Appendix 5 − Mr U's response to Provisional Opinion
In his response to the provisional opinion, Mr U admitted that he had had a sexual relationship with Ms A. Mr U said that when Ms A became frightened that she was about to be confronted by her abuser - a family member - he "welcomed her into my home" Mr U said, "I didn't see the harm, no warning bells went off in my head like it should, I would have normally."
Mr U said:
"She appeared genuinely frightened and stated she felt safe being there. I just wanted to be supportive and provide a similar mental health respite type environment was my thinking at the time. At the time it was nice for me too having someone to talk to, who had been where I was walking, this was the real seduction, in letting it be about me and not [Ms A] is where it all came undone. … Perhaps I should have pushed her away, but in truth I cherished the closeness and intimacy, was afraid to hurt, to reject. … I do not believe I had considered any of my actions/their consequences and repercussions."
 Blood pressure is measured in millimetres of mercury. The normal range varies with age, but a young adult would be expected to have a systolic (upper) pressure of around 120mmHg and a diastolic (lower) pressure of 80mmHg. These are recorded as 120/80.

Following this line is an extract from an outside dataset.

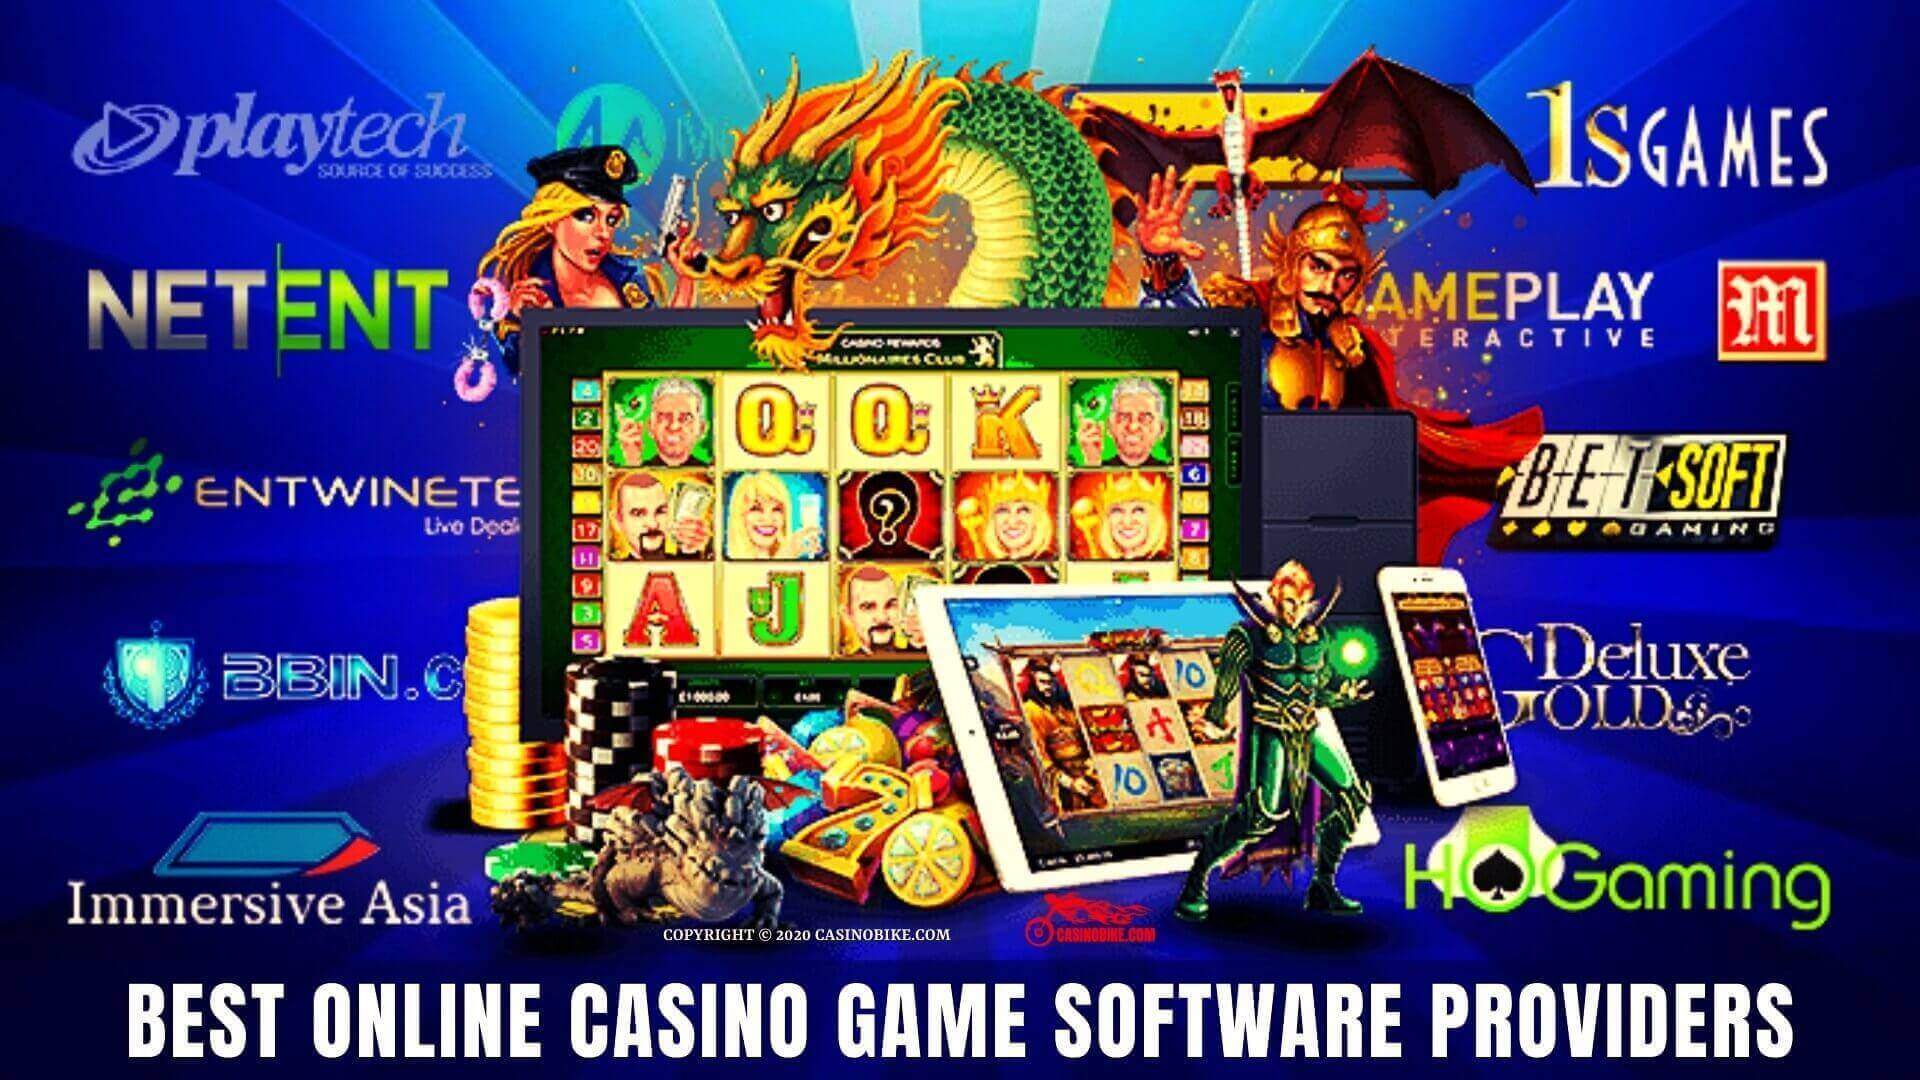 Best Online Casino Game Software Providers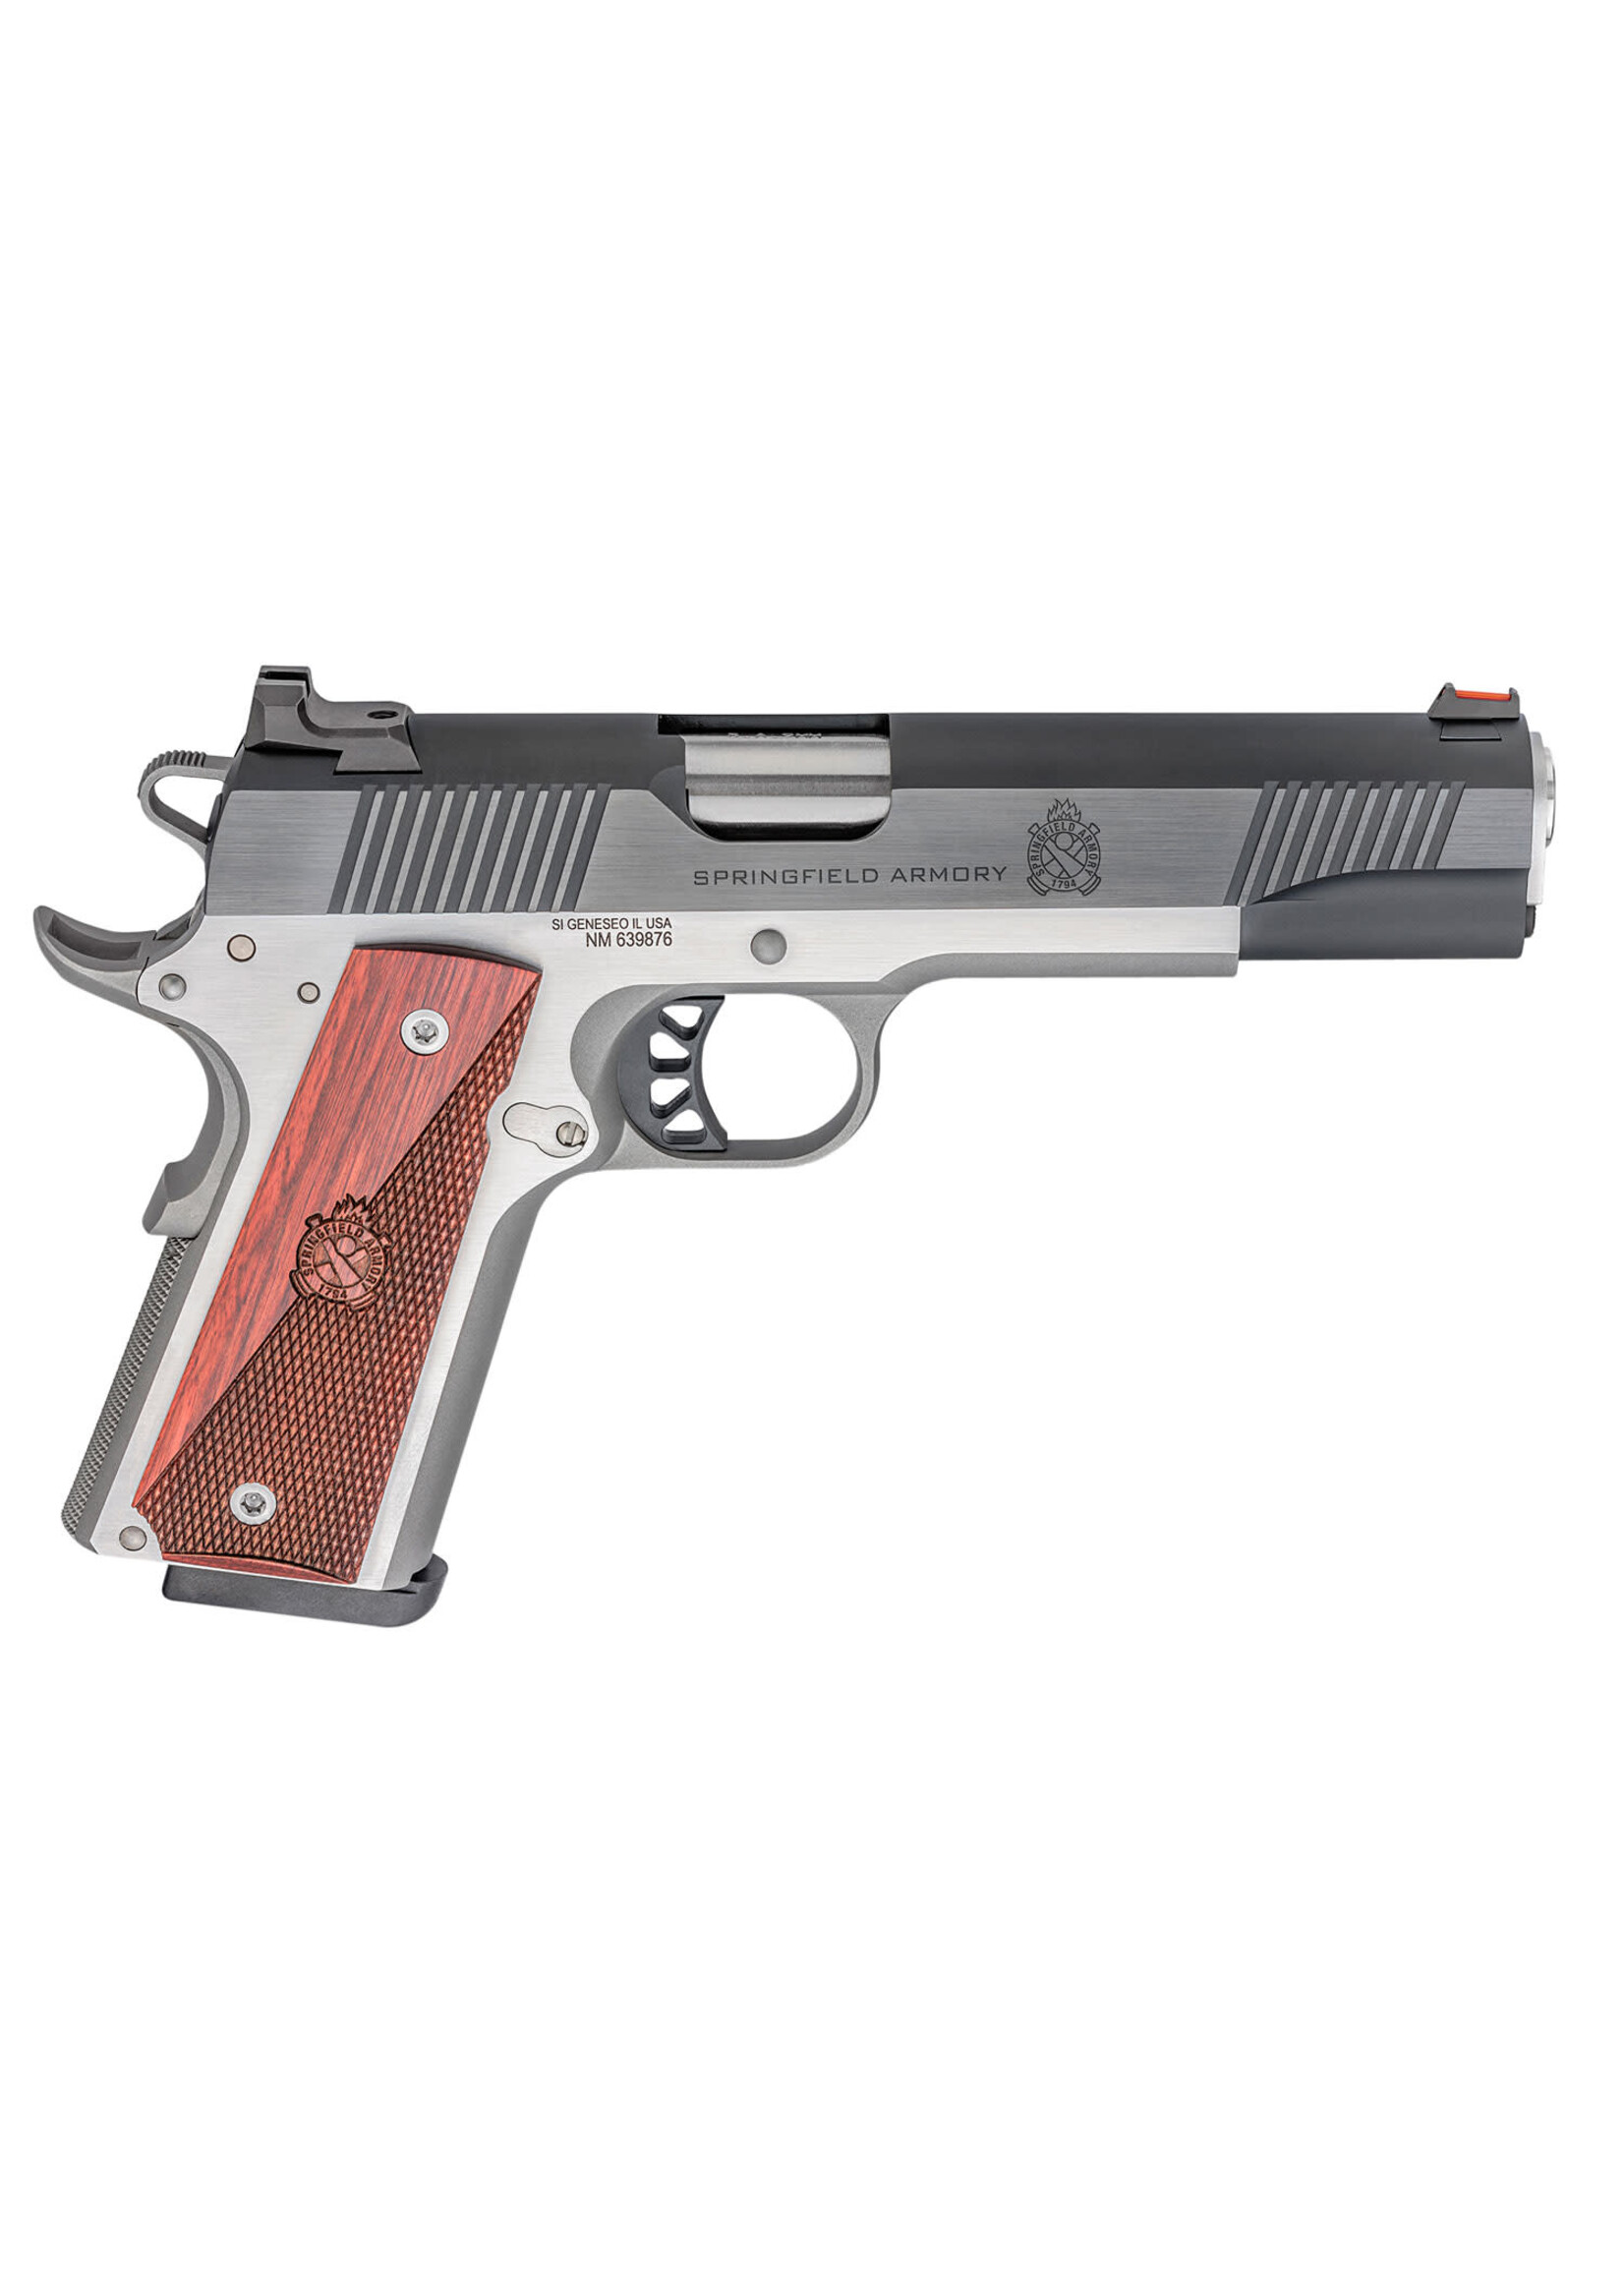 Springfield Armory Springfield Armory PX9119L 1911 Ronin 9mm Luger 9+1, 5" Stainless Match Grade Steel Barrel, Blued Serrated Carbon Steel Slide, Stainless Steel Frame w/Beavertail, Crossed Cannon Wood Grip, Right Hand

 Dialectical Behaviour Therapy is a systemic cognitive-behaviour treatment for borderline personality disorder, especially for individuals with chronic patterns of suicidal or other dysfunctional behaviours. DBT calls for the patient to accept reality while maintaining a strong and conscious commitment to change.
 Multiple personalities.
 A pattern of involuntary movements induced by antipsychotic drugs such as phenothiazines.
 Opinion 06HDC09325, 7 December 2006, page 7.
 Opinion 06HDC06218, 26 January 2007, page 18.
 Tino rangatiratanga is self-governance by Māori through exercising mana (authority) of hapu (sub tribes and iwi (tribes).